- _Action item_
Of all the entries below, only the lines from the one with "-FOTODELDÍA- MONZA (ITALIA), 12/09/2021.- El" up to and including the one with "KC Polska Zjednoczona Partia Robotnicza" are to be duplicated exactly.

- _Data for analysis_
★ ★ ★ ★

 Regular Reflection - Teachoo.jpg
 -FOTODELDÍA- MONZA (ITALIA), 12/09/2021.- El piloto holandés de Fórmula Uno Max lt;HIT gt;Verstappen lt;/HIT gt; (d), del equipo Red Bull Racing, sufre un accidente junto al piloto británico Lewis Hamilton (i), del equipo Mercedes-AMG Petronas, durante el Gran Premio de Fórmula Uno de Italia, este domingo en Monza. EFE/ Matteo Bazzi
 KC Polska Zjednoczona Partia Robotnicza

★ ★ ★ ★

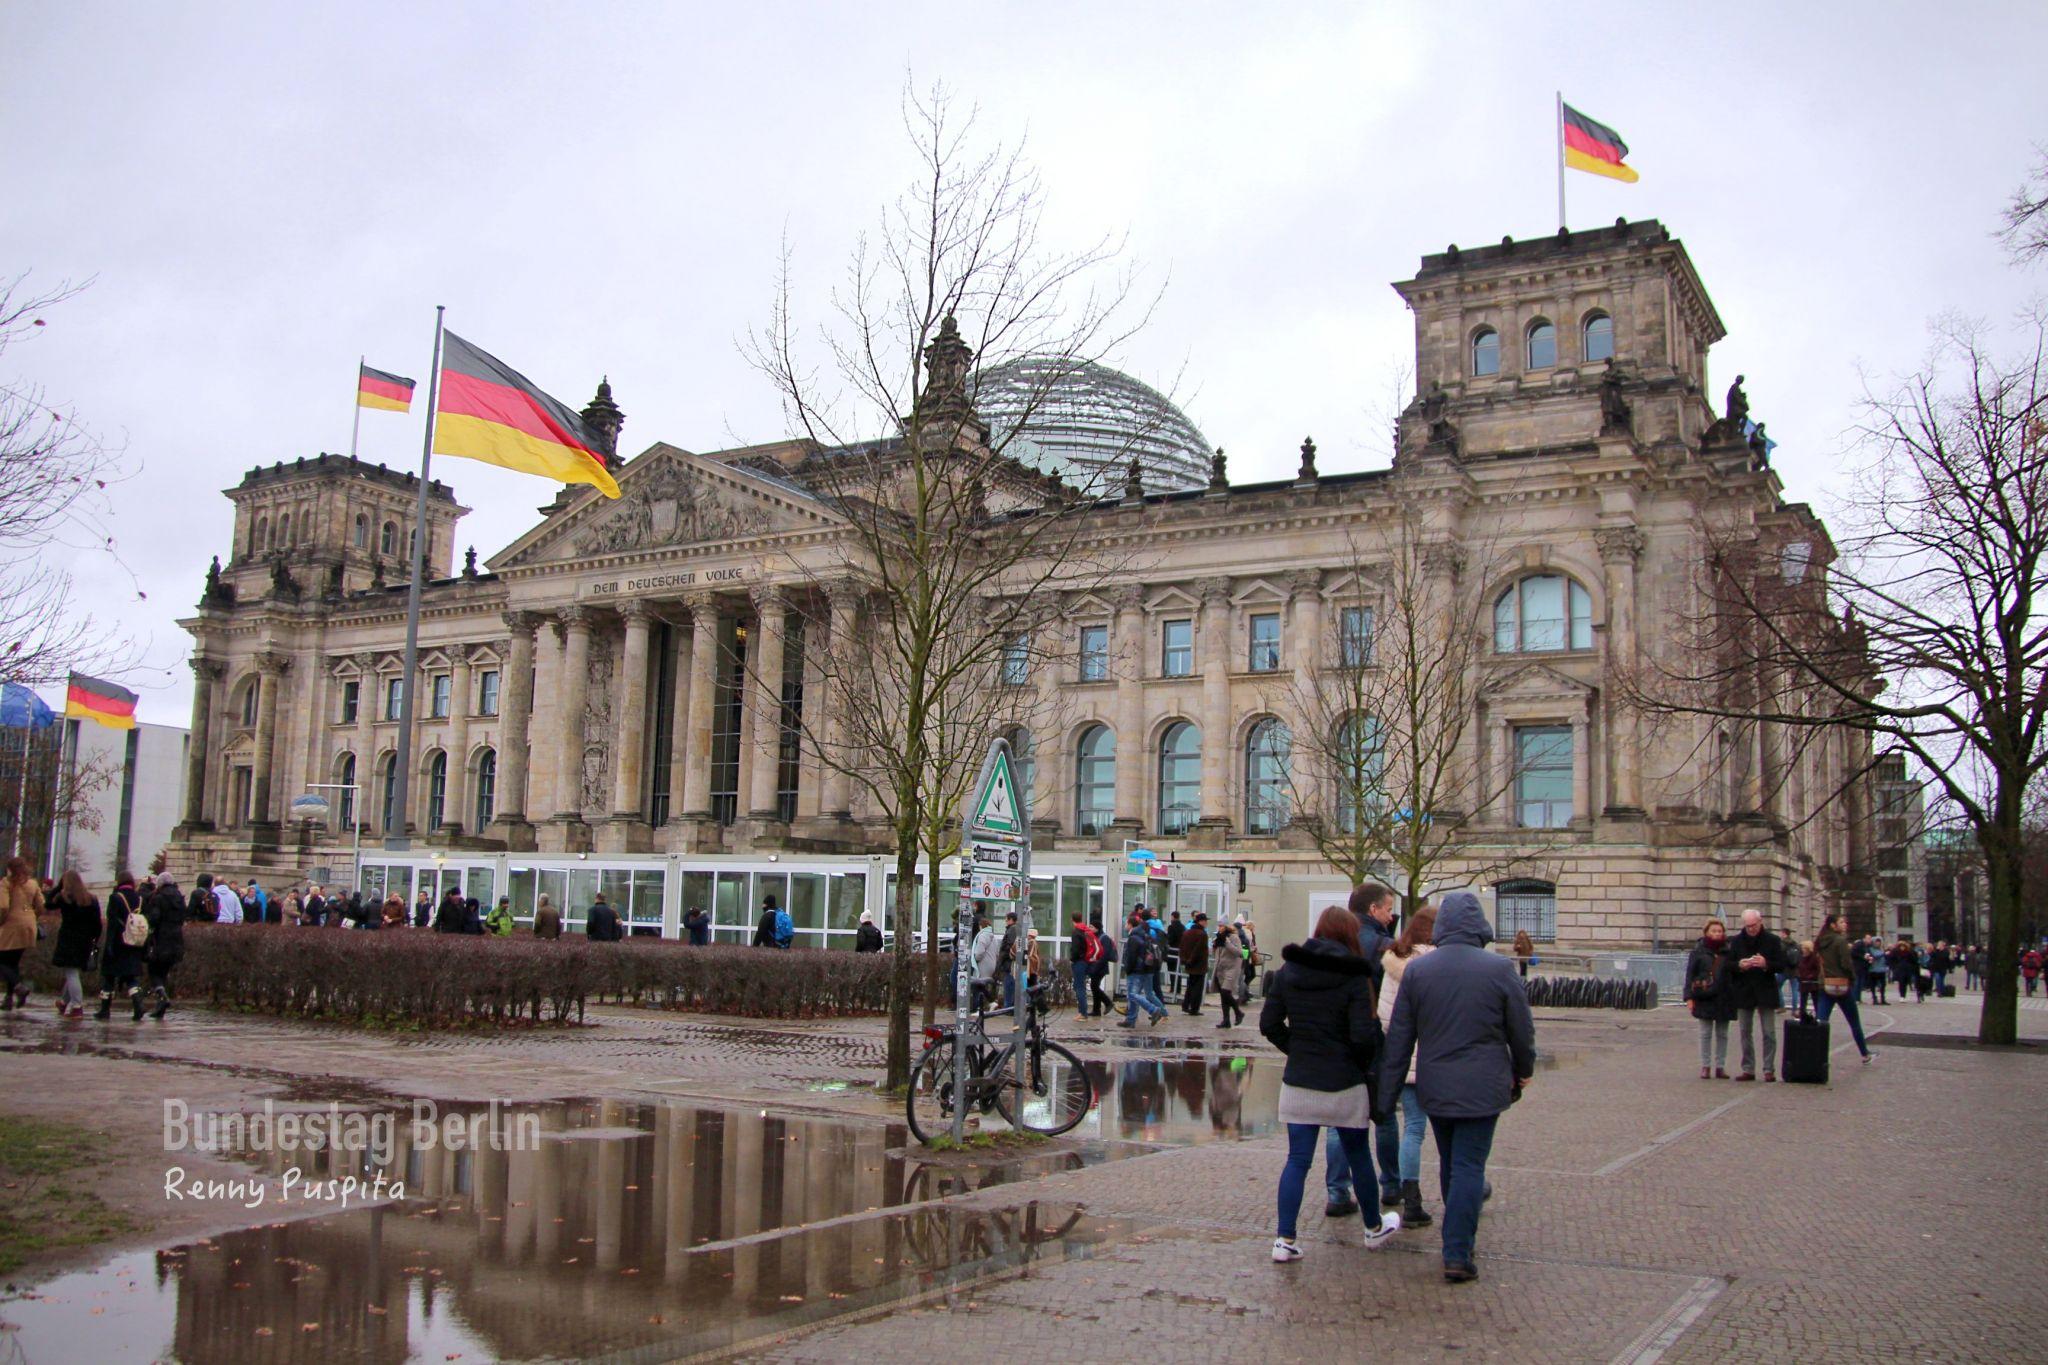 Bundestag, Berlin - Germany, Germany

★ ★ ★ ★

- _Answer box_
 -FOTODELDÍA- MONZA (ITALIA), 12/09/2021.- El piloto holandés de Fórmula Uno Max lt;HIT gt;Verstappen lt;/HIT gt; (d), del equipo Red Bull Racing, sufre un accidente junto al piloto británico Lewis Hamilton (i), del equipo Mercedes-AMG Petronas, durante el Gran Premio de Fórmula Uno de Italia, este domingo en Monza. EFE/ Matteo Bazzi
 KC Polska Zjednoczona Partia Robotnicza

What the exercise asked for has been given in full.